***** Supplied material

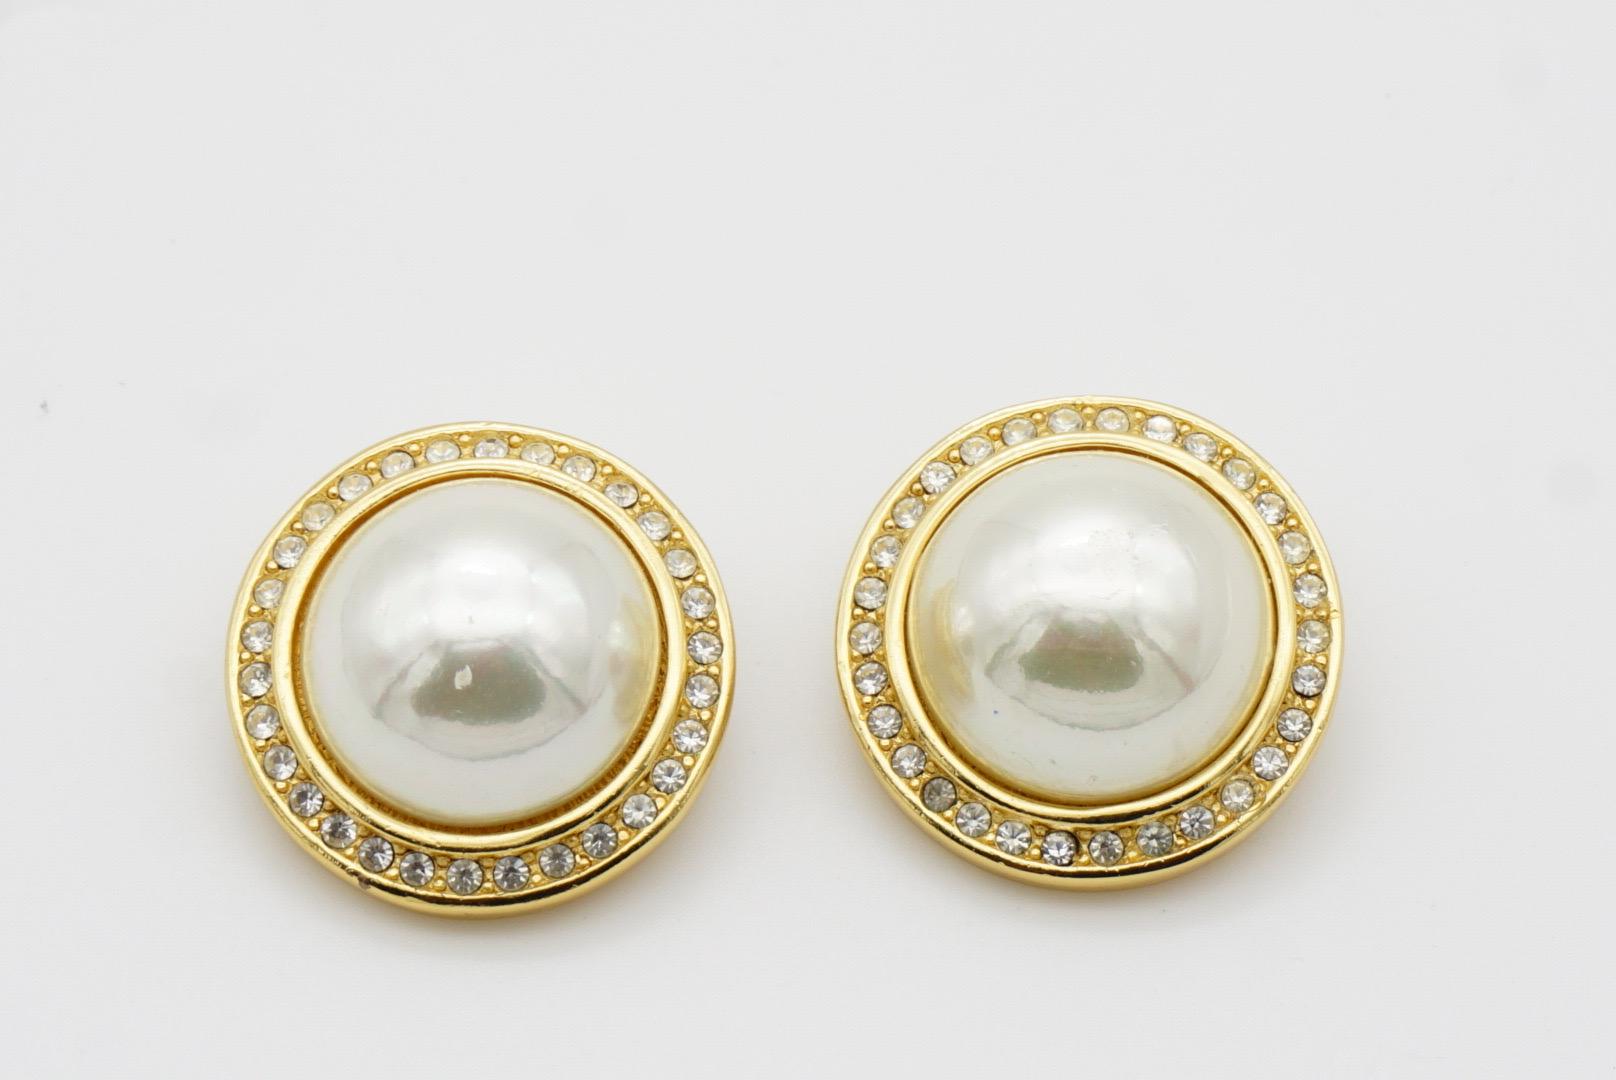 Christian Dior GROSSE 1990 CHC Large Round White Pearl Crystals Clip Earrings For Sale 3
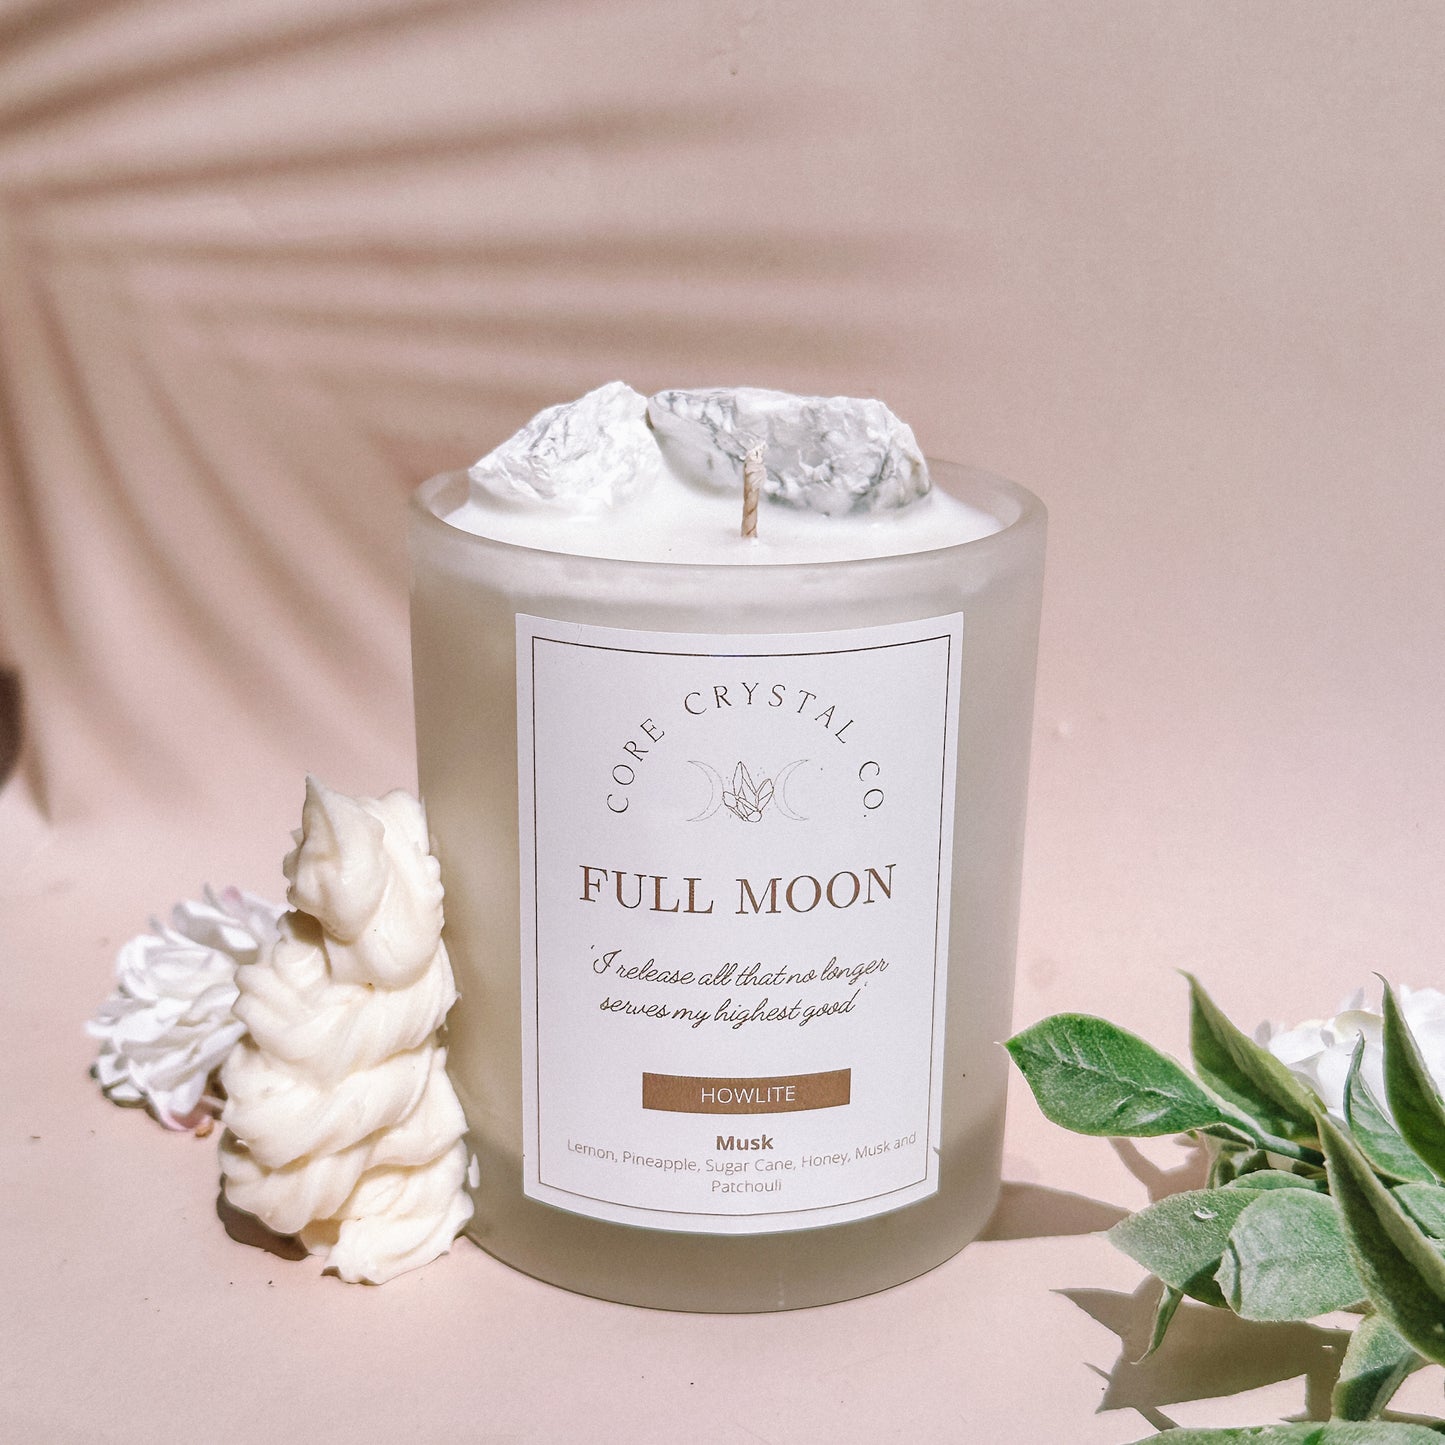 FULL MOON White Musk Crystal Infused Candle
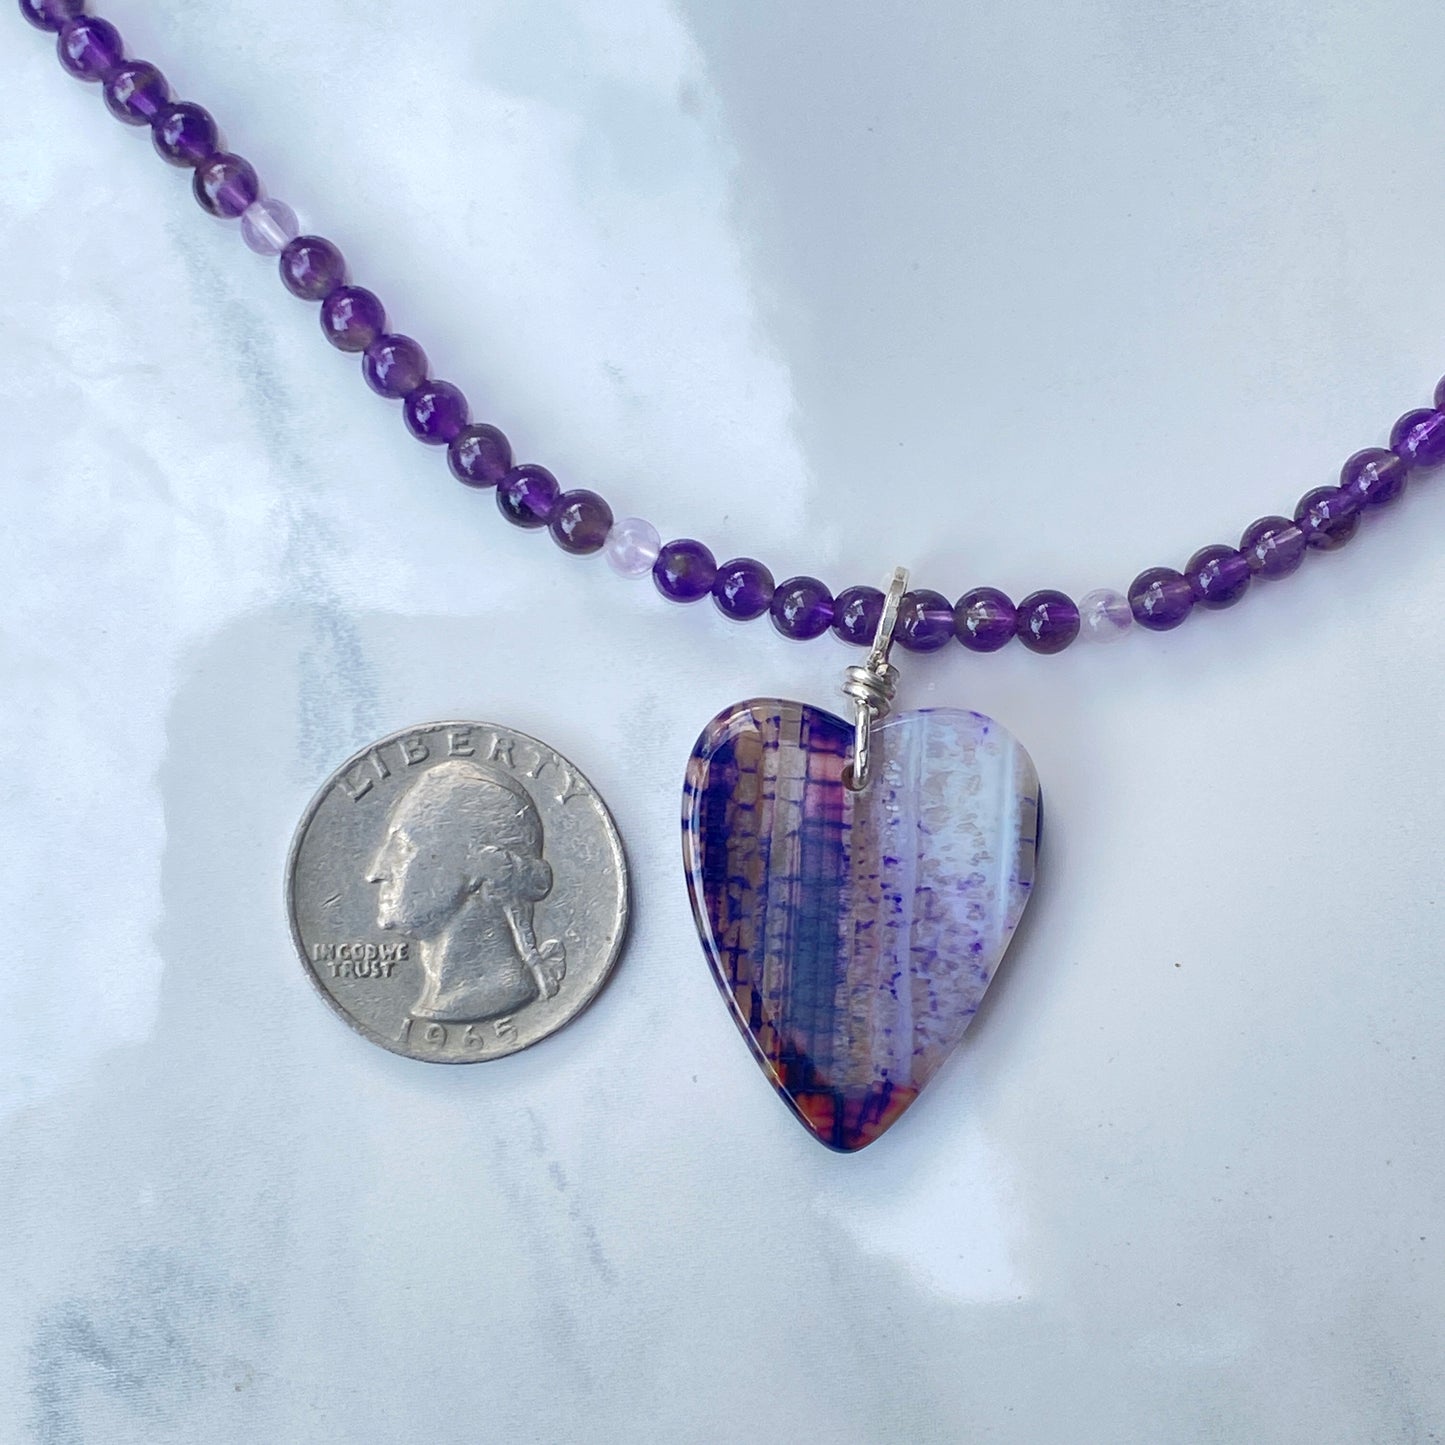 Dragon’s Vein Agate Heart Pendant Choker/Necklace with Dark and Lavender Amethyst Gemstone Necklace

**********

» **Problem to solve**:
Retype the listing exactly. Leave out its pictures.

» **Exercise response**:
 Christian Dior GROSSE 1990 CHC Large Round White Pearl Crystals Clip Earrings For Sale 3
 FULL MOON White Musk Crystal Infused Candle
 Dragon’s Vein Agate Heart Pendant Choker/Necklace with Dark and Lavender Amethyst Gemstone Necklace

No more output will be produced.